The API key must be sent on all queries using the Authorization HTTP header:

Authorization: ApiKey 363af1e2b03b41c6b3adc604956e2f66

Alternatively, the API key can also be sent as a query parameter under the api_key key.

Similarly, a JWT can be sent in the Authorization header, after it has been returned by the login and/or OAuth processes. Aleph does not use session cookies or any other type of stateful API.

Crossreferencing mentions with entities

Mentions are names of people or companies that Aleph automatically extracts from files you upload. Aleph includes mentions when cross-referencing a collection, but only in one direction.

Consider the following example:

  • "Collection A" contains a file. The file mentions "John Doe".
  • "Collection B" contains a Person entity named "John Doe".

If you cross-reference “Collection A”, Aleph includes the mention of “John Doe” in the cross-referencing and will find a match for it in “Collection B”.

However, if you cross-reference “Collection B”, Aleph doesn't consider mentions when trying to find a match for the Person entity.

As long as you only want to compare the mentions in one specific collection against entities (but not mentions) in another collection, Aleph’s cross-ref should be able to do that.
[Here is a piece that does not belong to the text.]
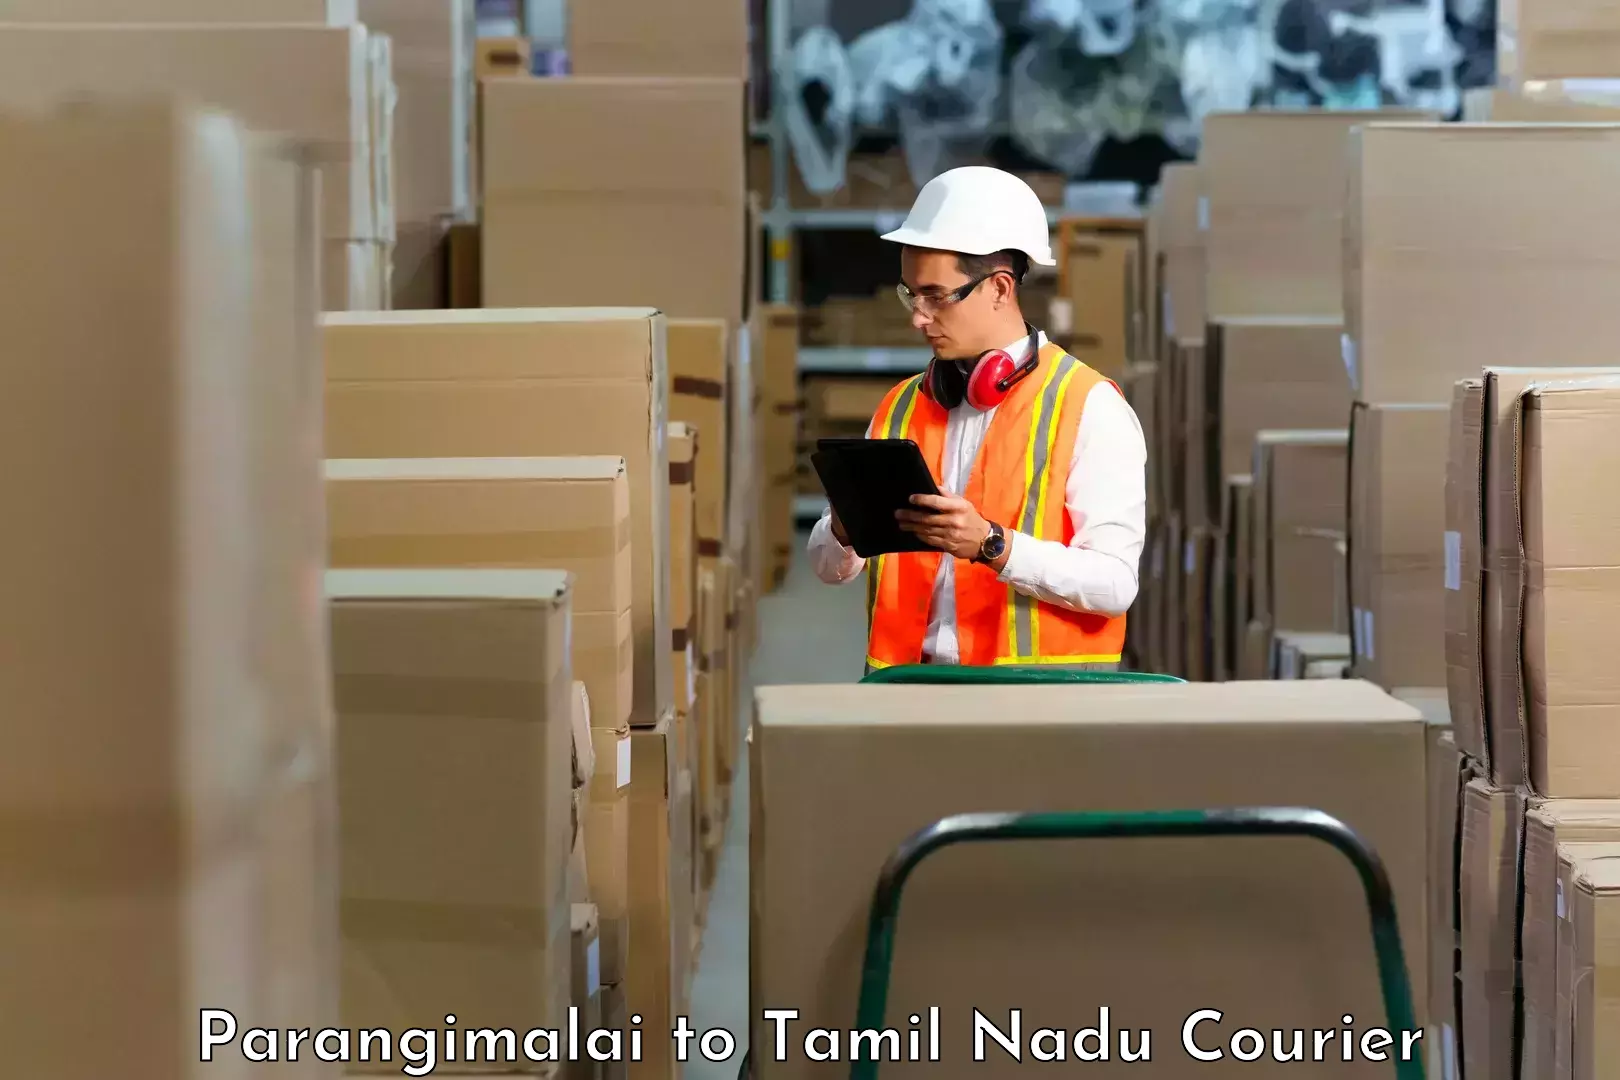 Express package handling in Parangimalai to Tamil Nadu

If you want to compare entities in a specific collection against other entities and mentions in other collections, you will have to do that yourself.
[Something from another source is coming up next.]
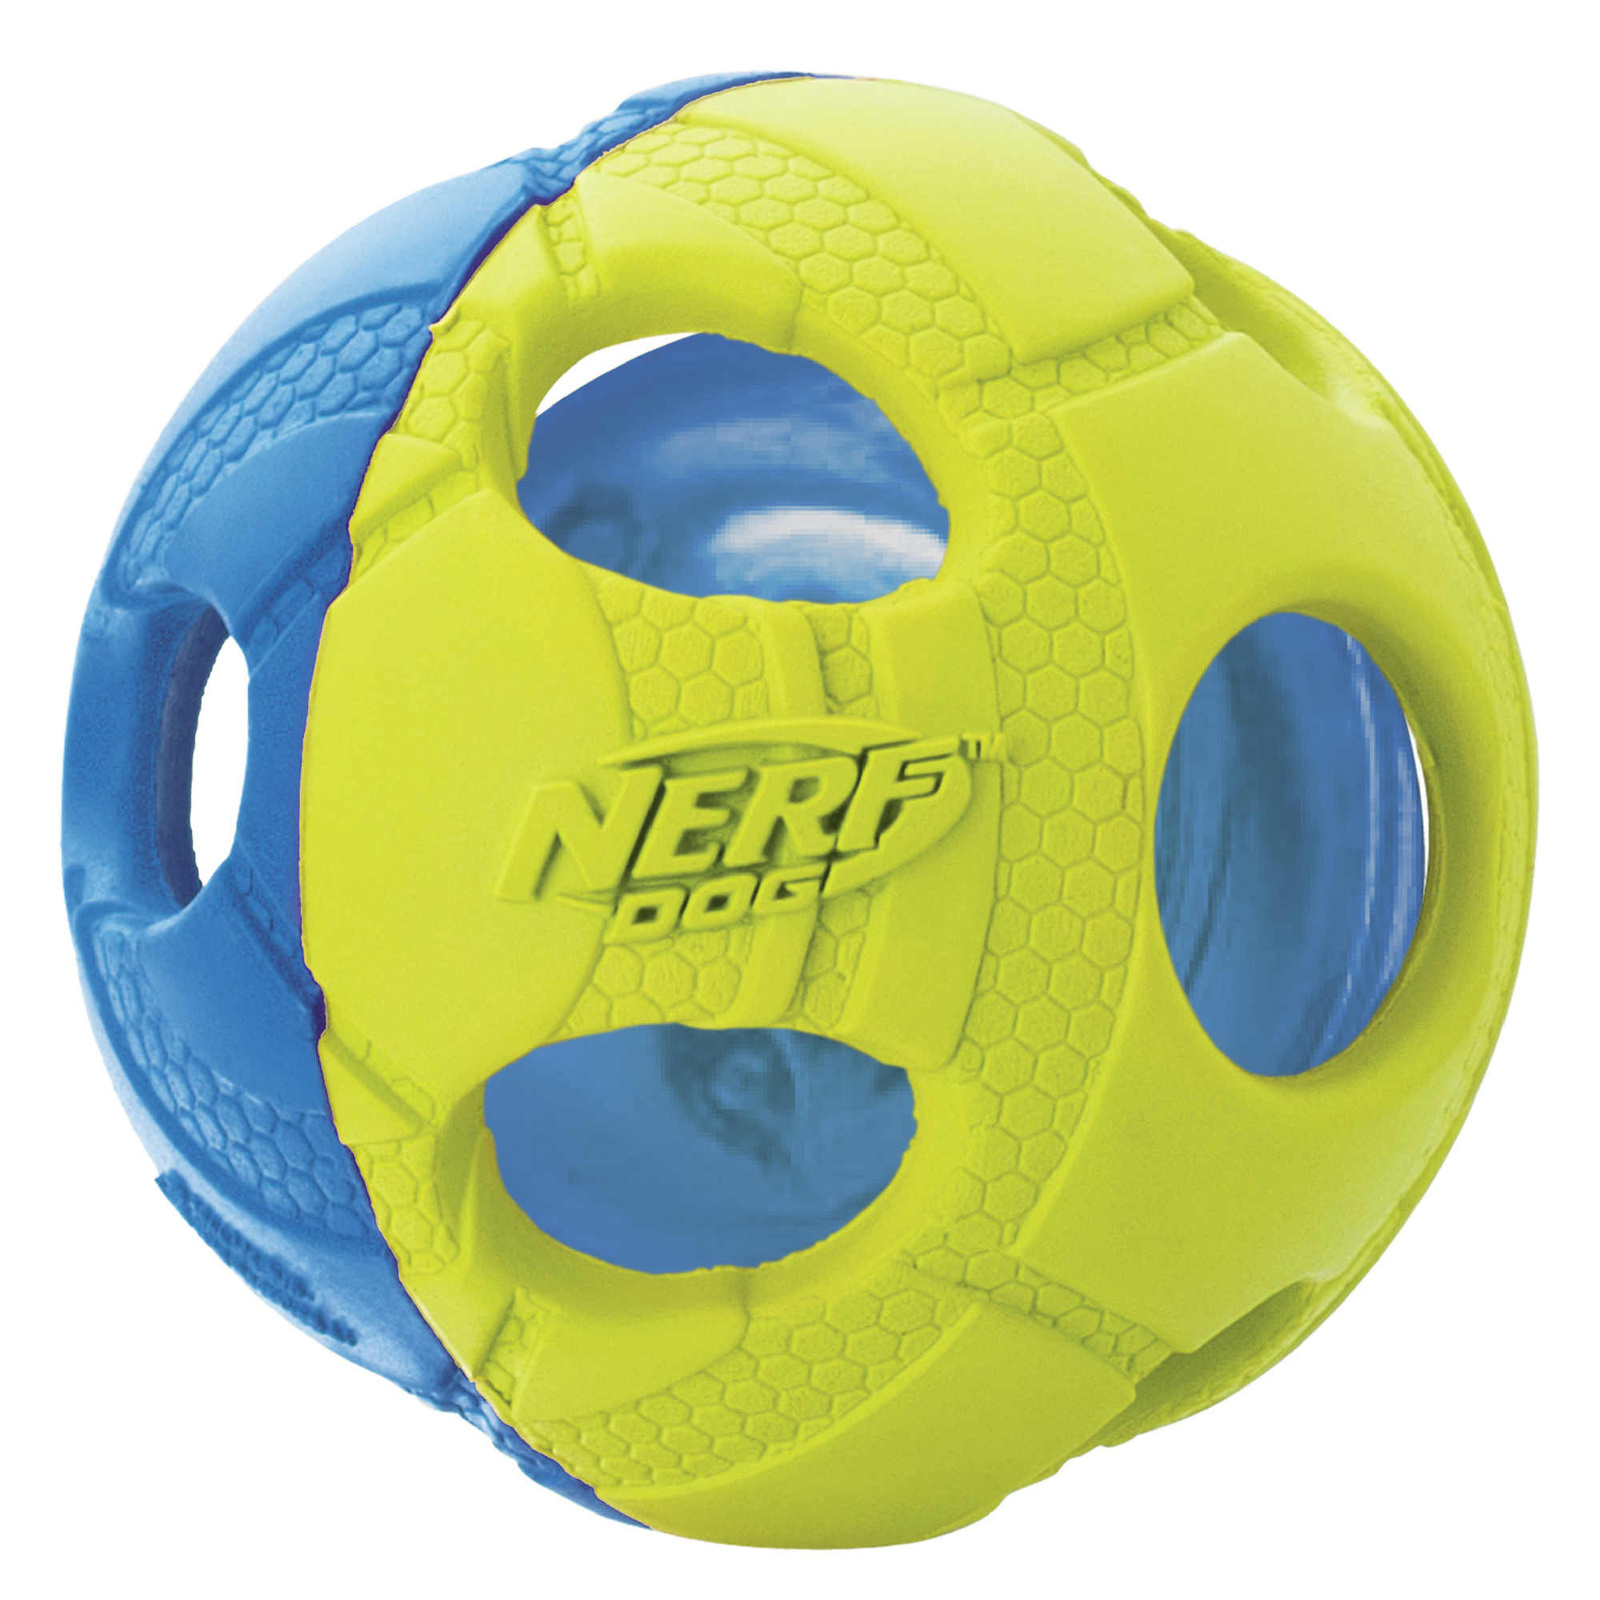 Nerf мяч светящийся, 6 см, (синий/зеленый) (104 г) Nerf мяч светящийся, 6 см, (синий/зеленый) (104 г) - фото 1

If you have a limited number of collection, one option might be to fetch all mentions and automatically create entities for each mention using the API.
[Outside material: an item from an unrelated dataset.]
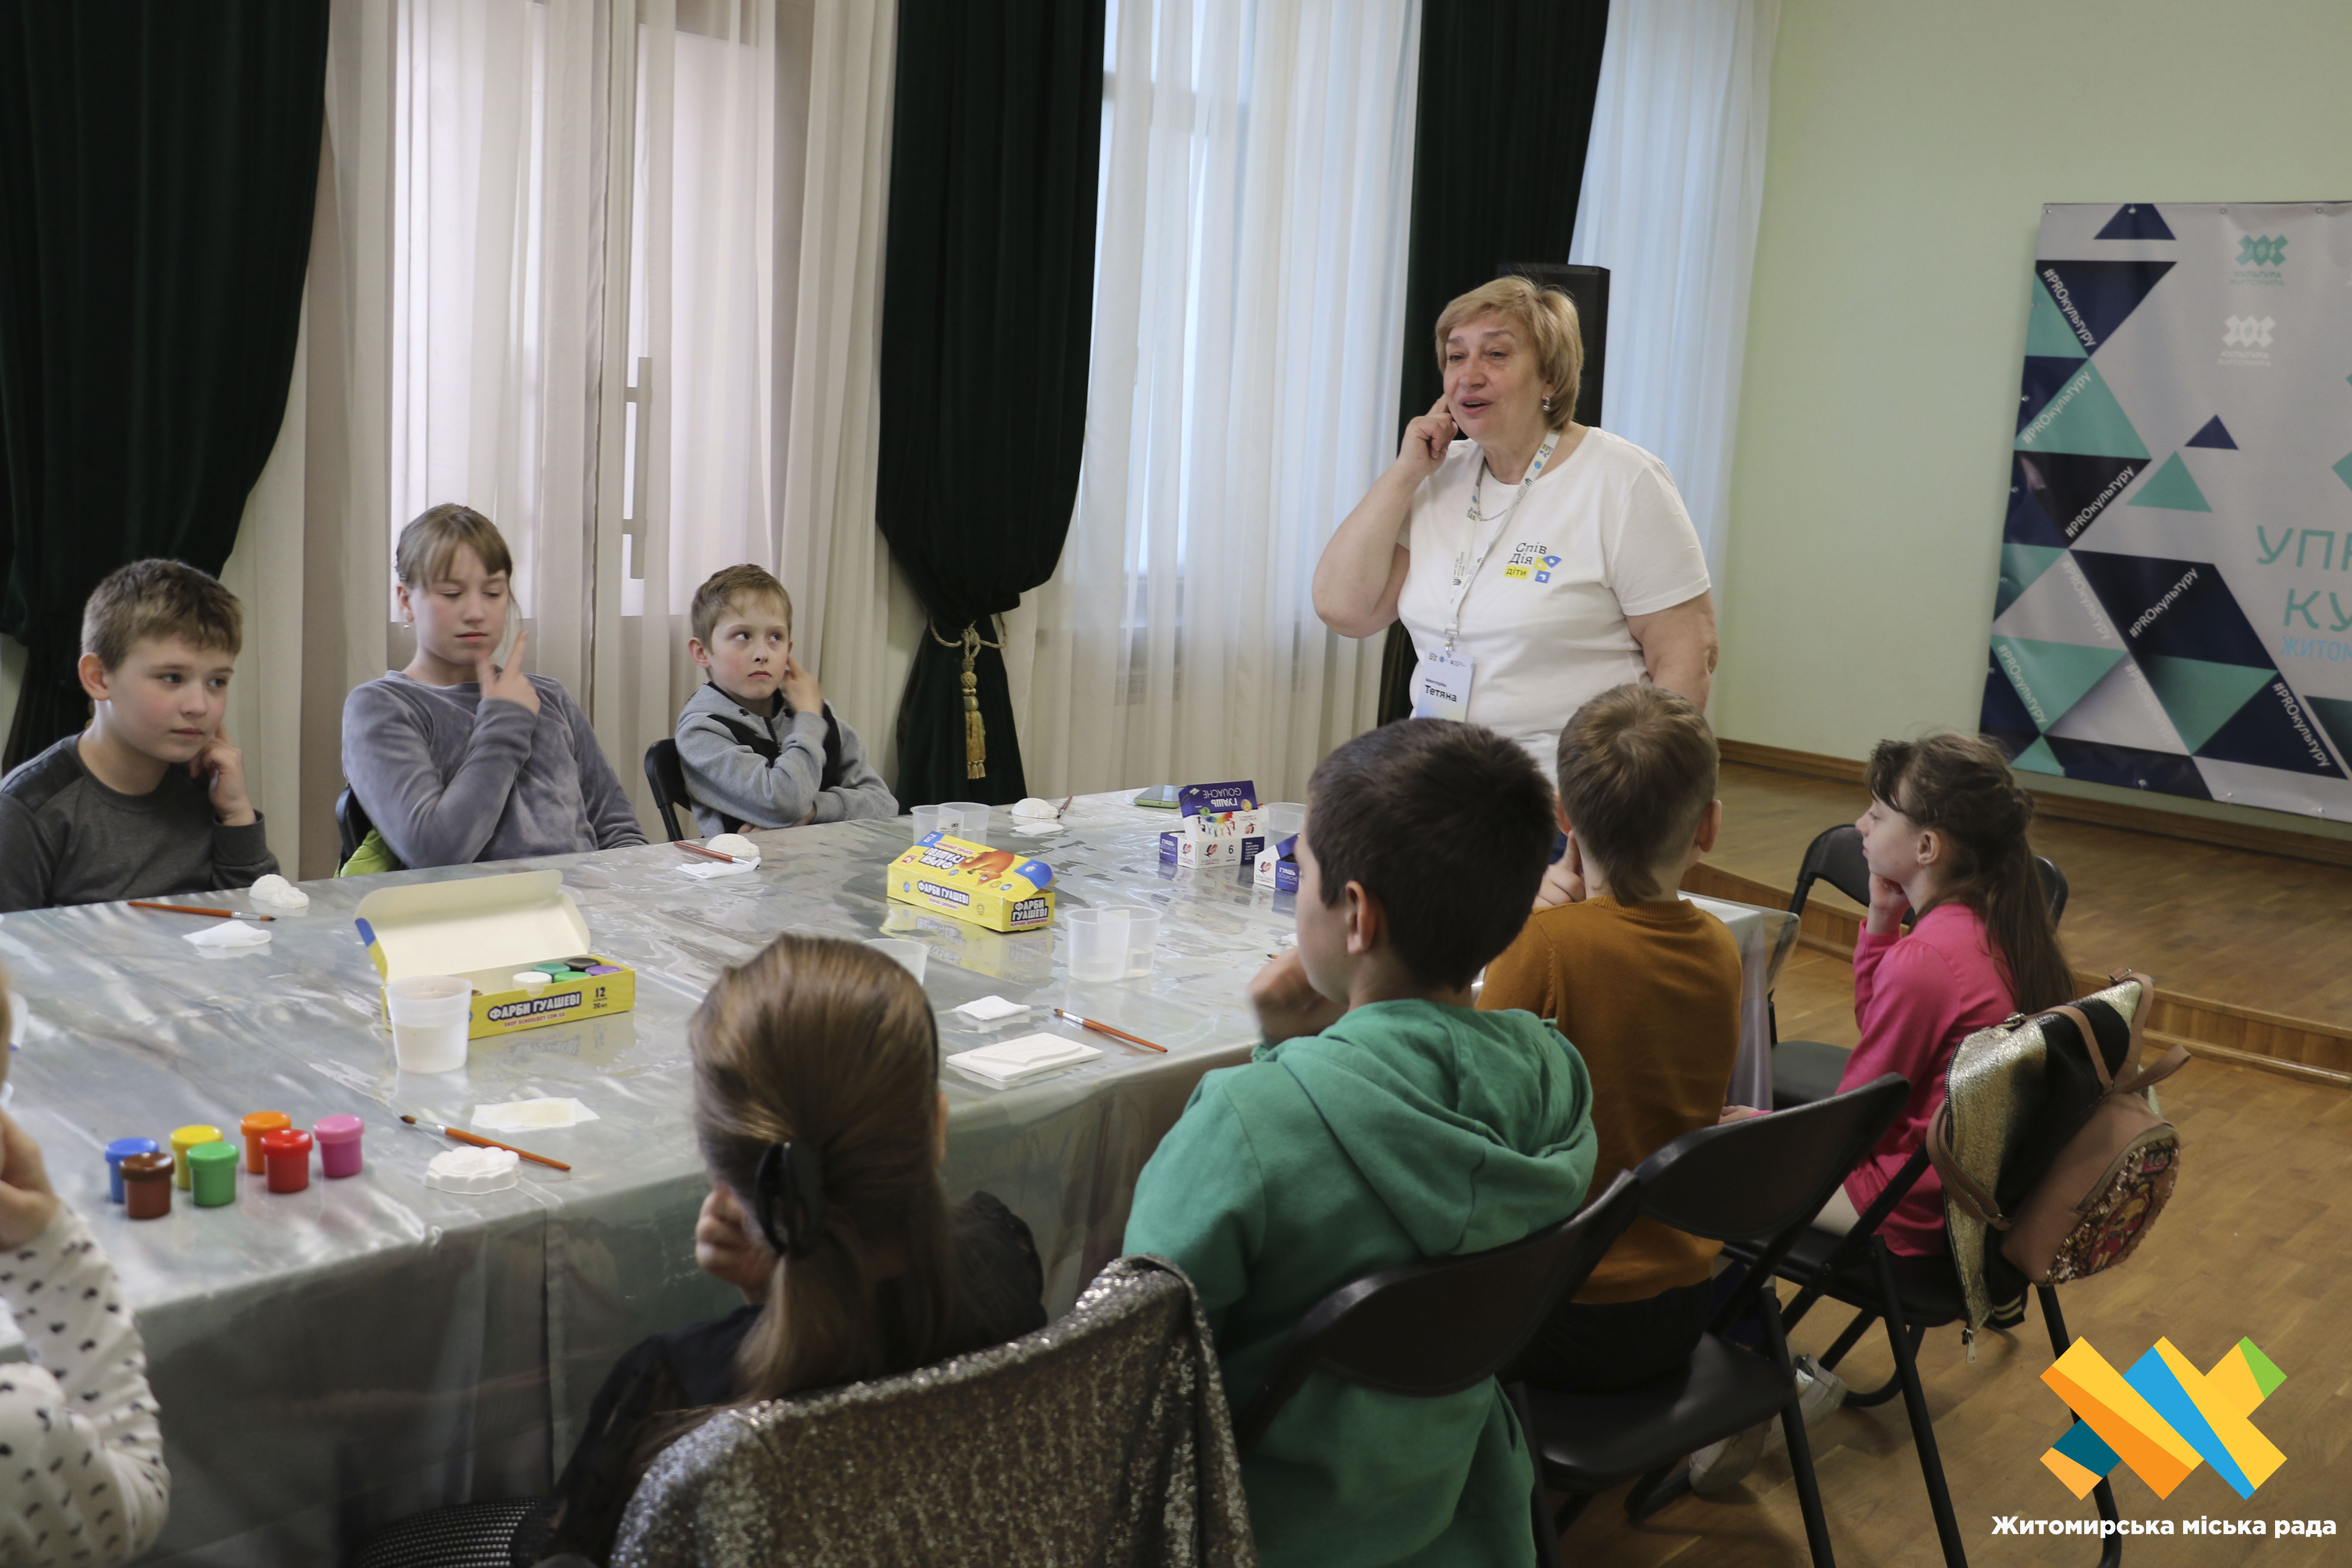 Лікування мистецтвом: в Домі української культури діти розписували гіпсові фігурки

To fetch a list of mentions for a collection you can use the /api/2/entities?filter:collection_id=137&filter:schemata=Mention API request.

Get all documents of a collection

list_aleph_collection_documents.py is a Python script designed to interact with an API to retrieve and analyze documents from specified collections. It offers a command-line interface (CLI) to list and check documents within a specified collection.

Features

  • Retrieve documents from a specified collection.
  • Analyze document processing statuses and warn if any are not marked as successful.
  • Return a list of filenames from the retrieved documents.
  • Supports verbose output for detailed logging.
  • Environment variable support for API key management.

Installation

To install the required dependencies, use pip:

pip install typer requests

Ensure you have Python 3.6 or higher installed.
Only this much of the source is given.